Tony Abbott, who was Australia's prime minister when the Boeing 777 disappeared, expressed regret that the search had ended. Abbott pledged on the first anniversary of the tragedy: "It can't go on forever, but as long as there are reasonable leads, the search will go on." On Tuesday, he tweeted: "Disappointed that the search for MH370 has been called off. Especially if some experts think there are better places to look."
Chester said he understood Abbott's feelings, given his involvement in the early phases of the search.
"The experts who have been working on this project, this has consumed their life for the best part of three years. This is a disappointing and frustrating day for them as well," Chester said. "I understand that former Prime Minister Abbott has some concerns as well. He is entitled to express those opinions but it is not a decision that was reached lightly by the three governments in July last year and we remain open to further analysis of whatever data becomes available into the future."

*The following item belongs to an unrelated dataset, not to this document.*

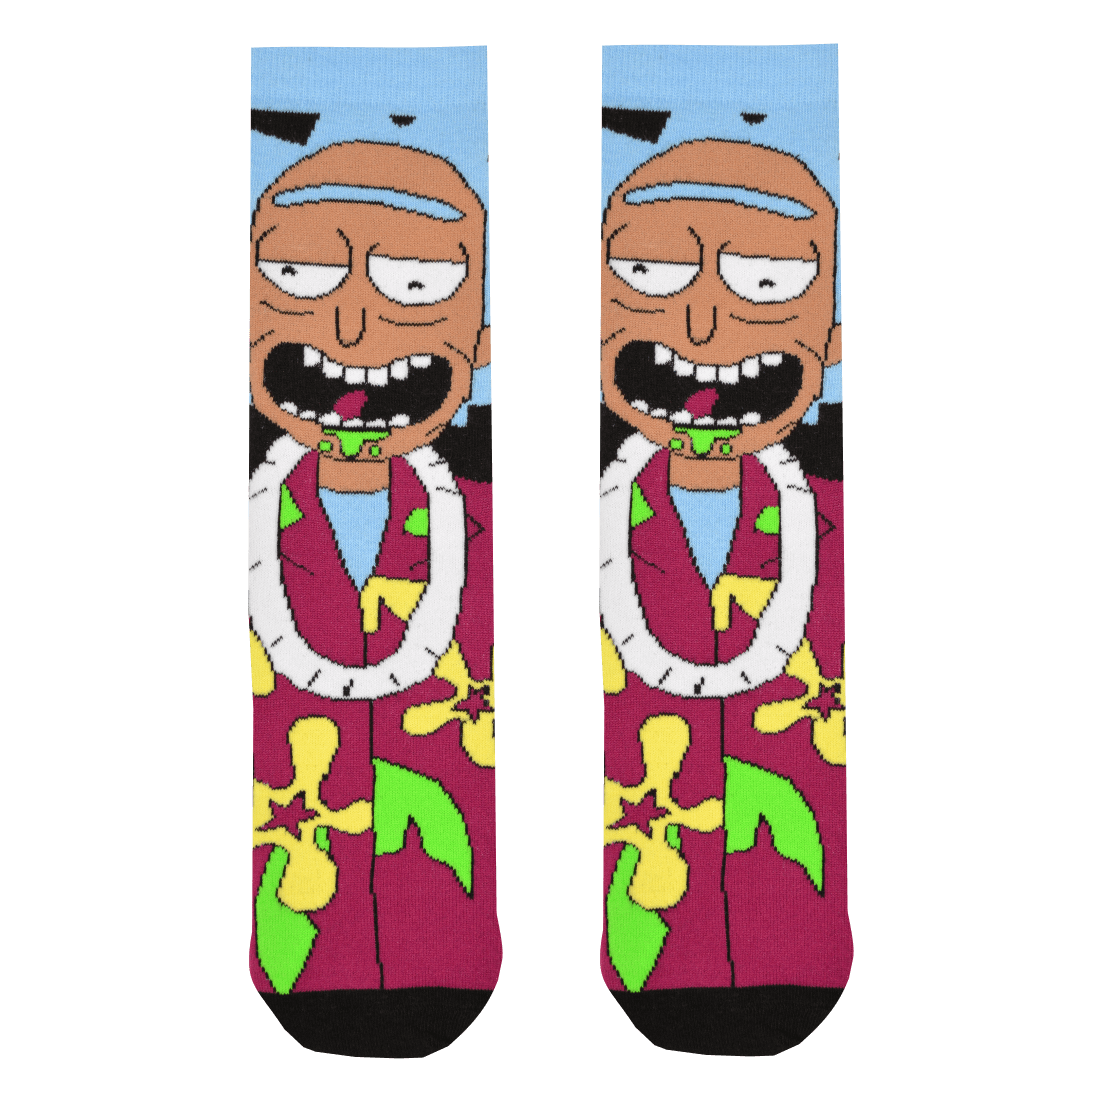 Medias Locas calcetines divertidos de diseño de Rick and Morty Freaky Socks. Medias Rick and Morty

There is the possibility that a private donor could offer to bankroll a new search, or that Malaysia will kick in fresh funds. But no one has stepped up yet, raising the bleak possibility that the world's greatest aviation mystery may never be solved.

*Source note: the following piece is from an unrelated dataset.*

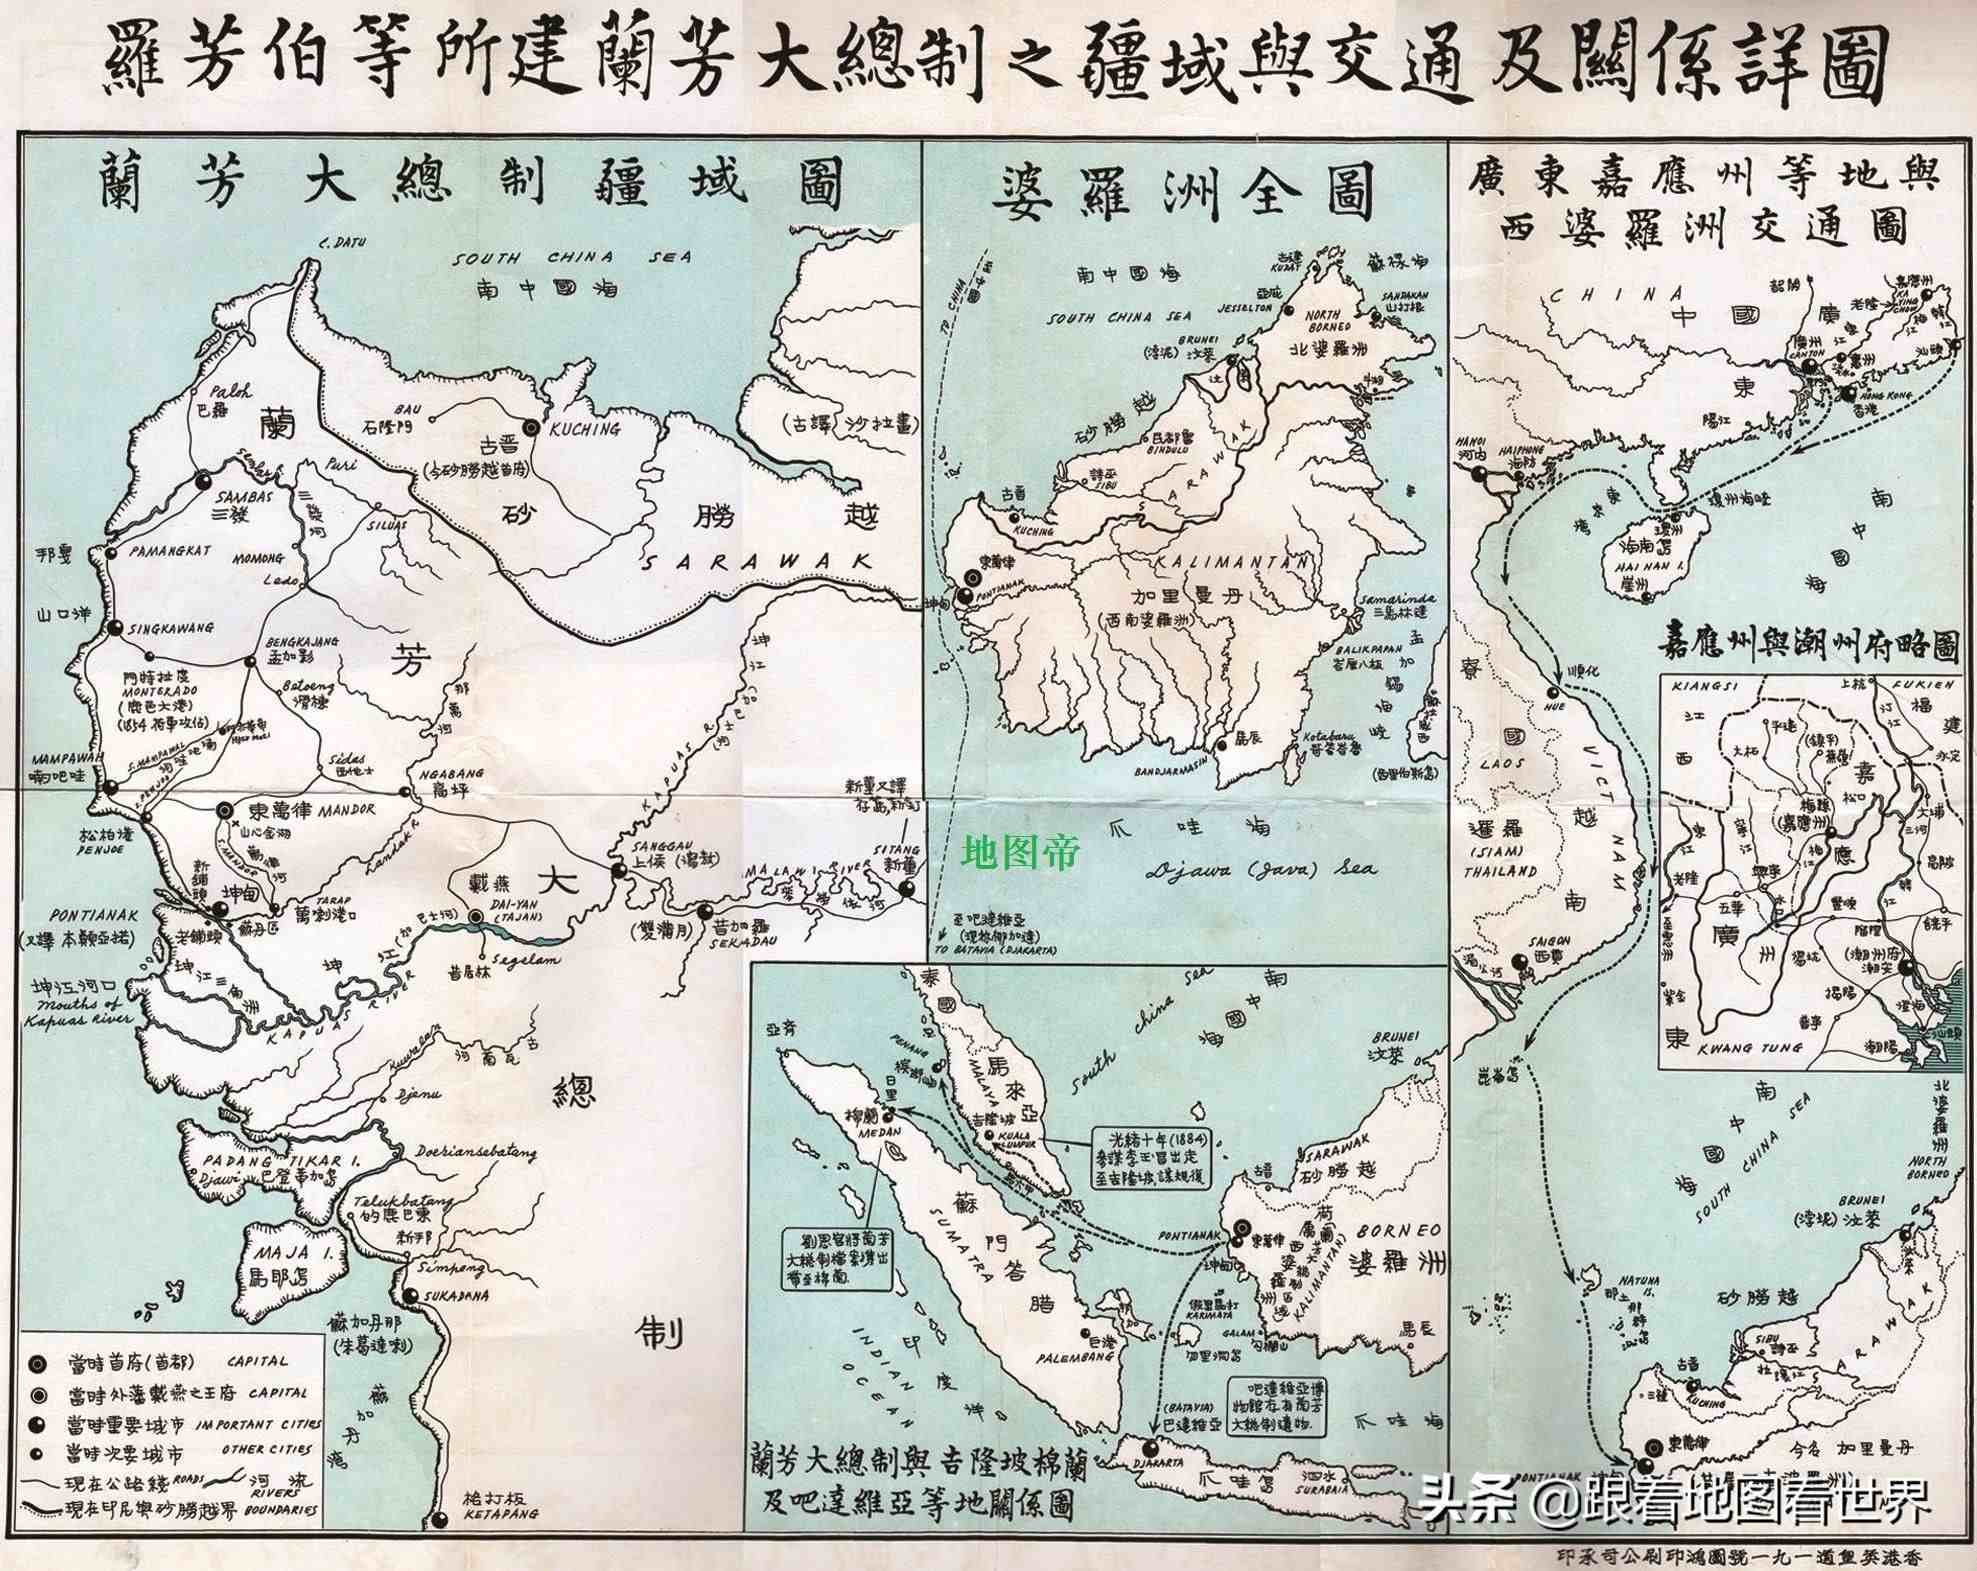 客家人建立的亚洲史上第一个共和国：“兰芳共和国”

Investigators have been stymied again and again in their efforts to find the aircraft. Hopes were repeatedly raised and smashed by false leads: Underwater signals wrongly thought to be emanating from the plane's black boxes. Possible debris fields that turned out to be sea trash. Oil slicks that contained no jet fuel. A large object detected on the seafloor that was just an old shipwreck.
In the absence of solid leads, investigators relied largely on an analysis of transmissions between the plane and a satellite to narrow down where in the world the jet ended up — a technique never previously used to find an aircraft.

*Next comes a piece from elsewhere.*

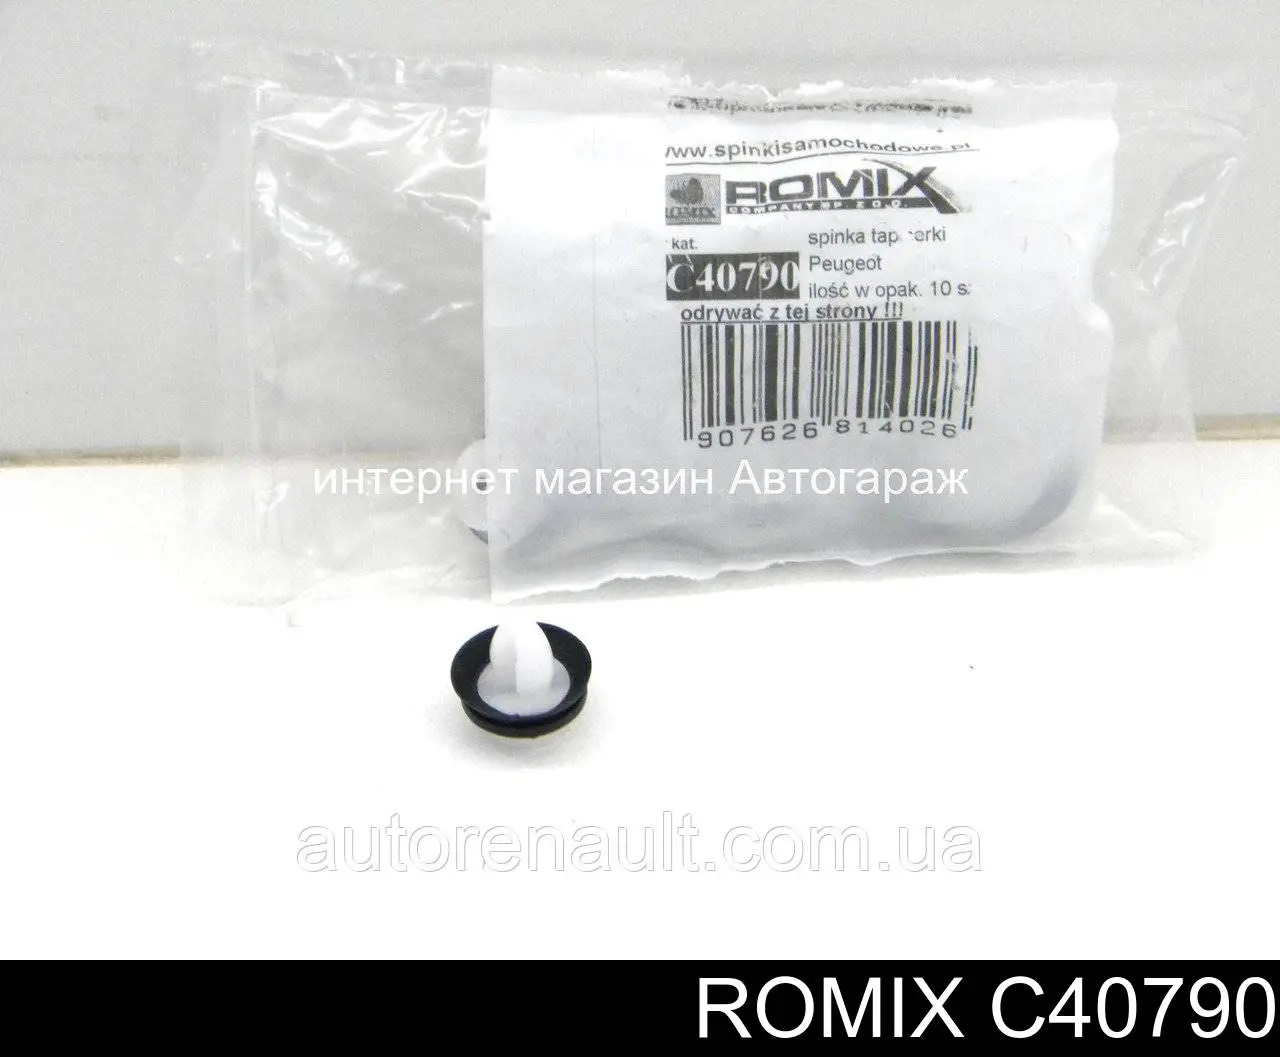 C40790 Romix cápsula (prendedor de fixação de revestimento da porta)

Based on the transmissions, they narrowed down the possible crash zone to a vast arc of ocean slicing across the Southern Hemisphere. Even then, the search zone was enormous and located in one of the most remote patches of water on Earth — 1,800 kilometers (1,100 miles) off Australia's west coast. Much of the seabed had never even been mapped.
For years, search crews on several ships used sonar equipment to painstakingly comb the search area. The search zone shifted multiple times as investigators refined their analysis, all to no avail. Some began to question whether the plane had gone down in the Southern Hemisphere at all.
Then, in July 2015, came the first proof that the plane was indeed in the Indian Ocean: A wing flap from the aircraft was found on Reunion Island, east of Madagascar. More than 20 pieces of debris confirmed or believed likely to have come from the aircraft have since washed ashore. But while the debris proved the plane went down in the Indian Ocean, the location of the main underwater wreckage — and its crucial black box data recorders — remains stubbornly elusive.
If the plane is never found, the reasons for its disappearance and crash will probably never be known, though Malaysia has said the plane's erratic movements after takeoff were consistent with deliberate actions.
The sister of the pilot, Captain Zaharie Ahmad Shah, slammed authorities for ending the search without settling the mystery, saying her brother will never be absolved of suspicions he deliberately crashed the plane.
"How can they end the search like that? There will be finger-pointing again," Sakinab Shah said.
Chester said he had not given up hope that the plane may one day be found.
"It's an extraordinary aviation mystery as it stands today," he said. "I'm hopeful that we have a breakthrough in the future. We need to prepare ourselves for the sad and tragic reality that in this foreseeable future, we may not find MH370."